Background

The TTN gene encodes titin, a muscle protein spanning from the Z-disk to the M-band within the sarcomere. The genomic structure of TTN is quite remarkable. It contains 364 exons (363 coding exons plus the first non-coding exon) and can theoretically generate more than one million splice variants [1, 2]. It also has a large repeated region with a high degree of complexity [1].

Titin isoforms have traditionally been classified in three main categories based on the presence of the N2A and N2B elements within the I-band region [3,4,5]. N2A isoforms (mainly expressed in the skeletal muscles) contain the N2A element, but not the cardiac-specific N2B element. On the contrary, N2B isoforms only include the cardiac-specific N2B element. N2BA isoforms, expressed in the heart, include both the N2B and N2A elements. N2A and N2BA isoforms also include additional exons, resulting in a higher number of Ig and PEVK domains in the I-band region.

Two further isoforms, named Novex-1 and Novex-2, are very similar to N2B but each of them includes an isoform-specific exon (exon 45 and exon 46, respectively). Finally, the Novex-3 isoform only contains the N-terminal part of titin due to an alternative stop codon in the Novex-3-specific exon 48.

Interestingly, specific exons included in the inferred complete metatranscript (NM_001267550.1) and referred to as metatranscript-only or meta-only exons are thought to be expressed only during embryonic development. Thereafter, they are not included in the canonical soleus-derived N2A skeletal muscle isoform, or in any of the five cardiac isoforms.

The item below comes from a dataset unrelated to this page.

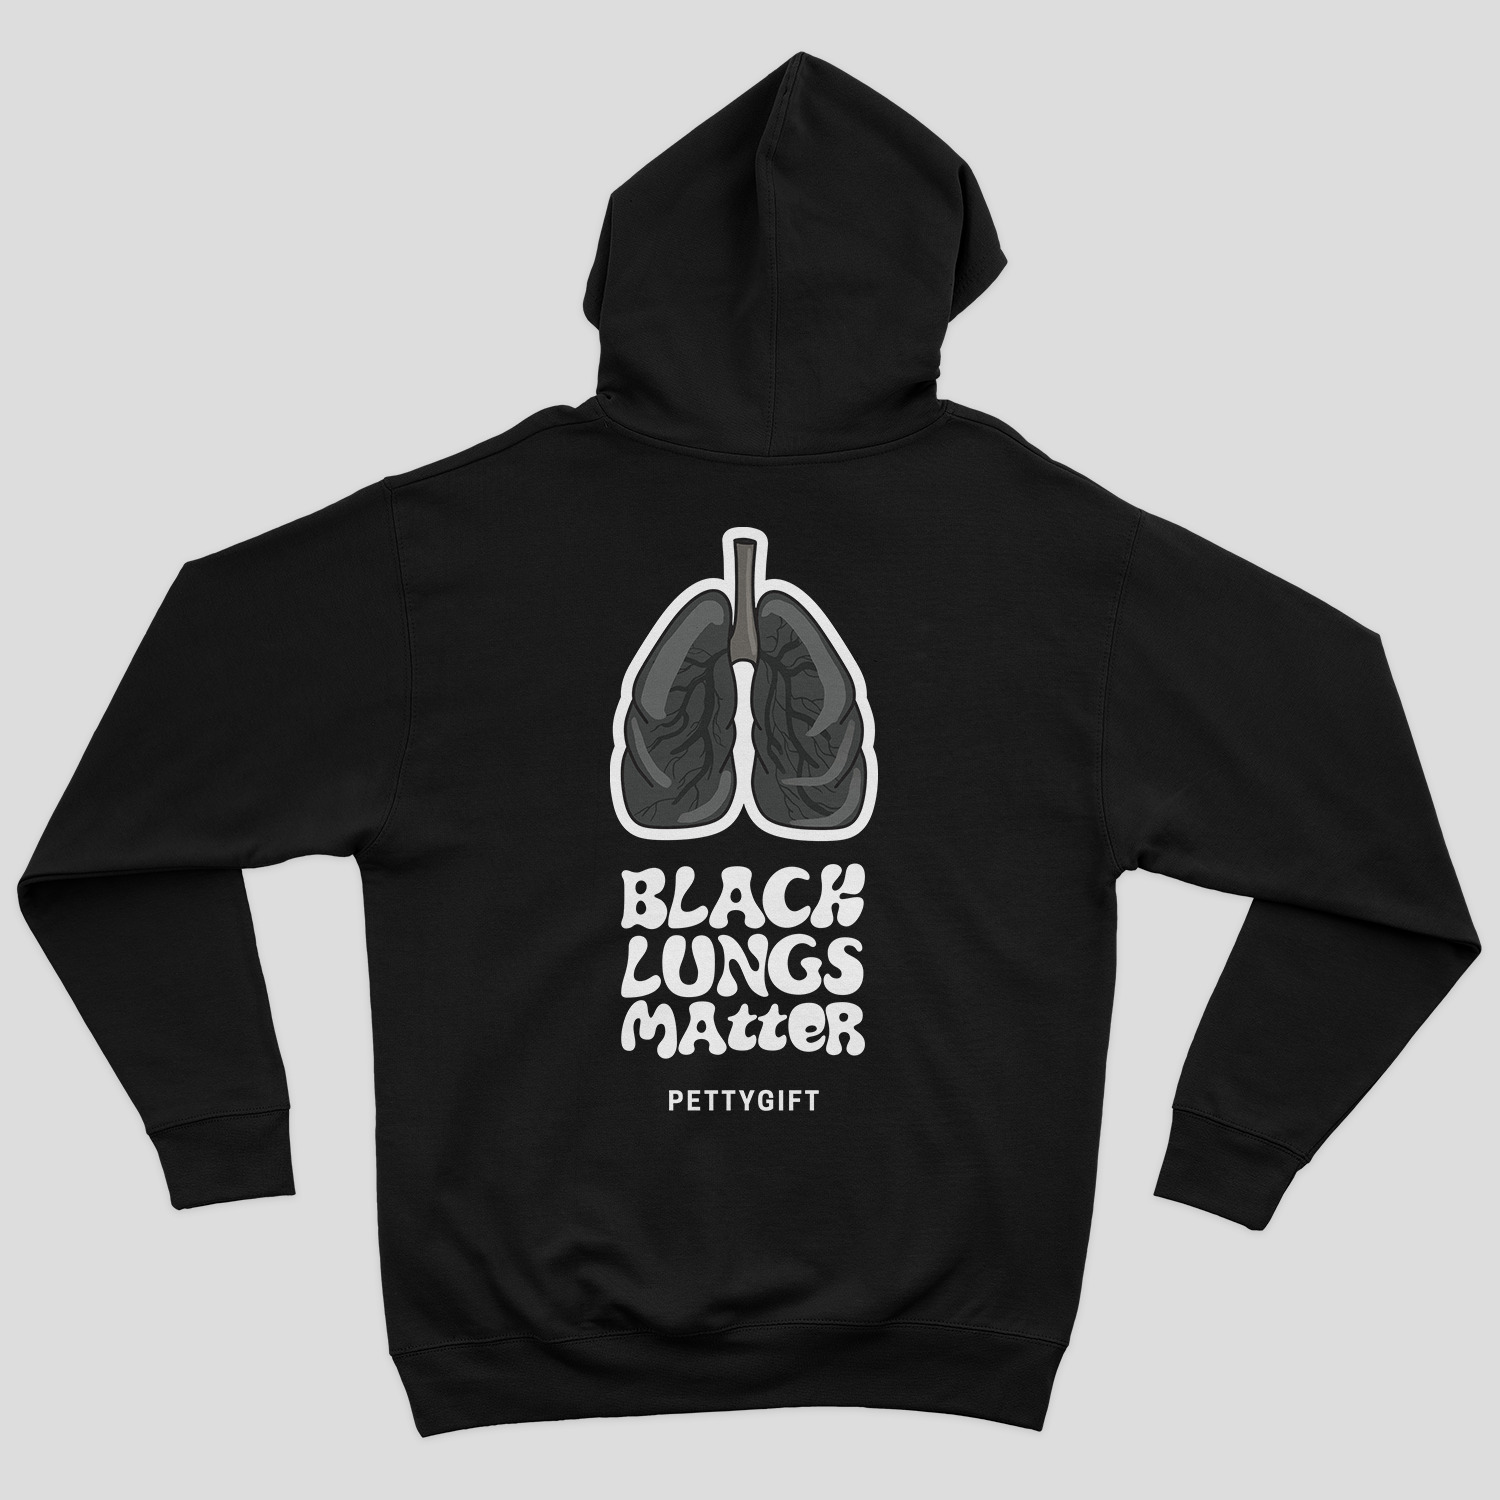 Black lungs matter (Back) - Hoodie - Man

An extensive use of alternative splicing (AS) in different tissues or in different developmental and physiological states has been reported, resulting in a longer or smaller protein [2]. This reflects the global massive use of tissue-specific AS events (ASEs) which have been described in the skeletal muscle [6, 7].

Although the presence of multiple different transcripts originating from TTN gene as consequence of ASEs has been partly suggested by experimental evidence [1, 2, 8], we still lack a clear picture of the global exon usage and of the subsequent splicing profile of TTN muscular transcripts.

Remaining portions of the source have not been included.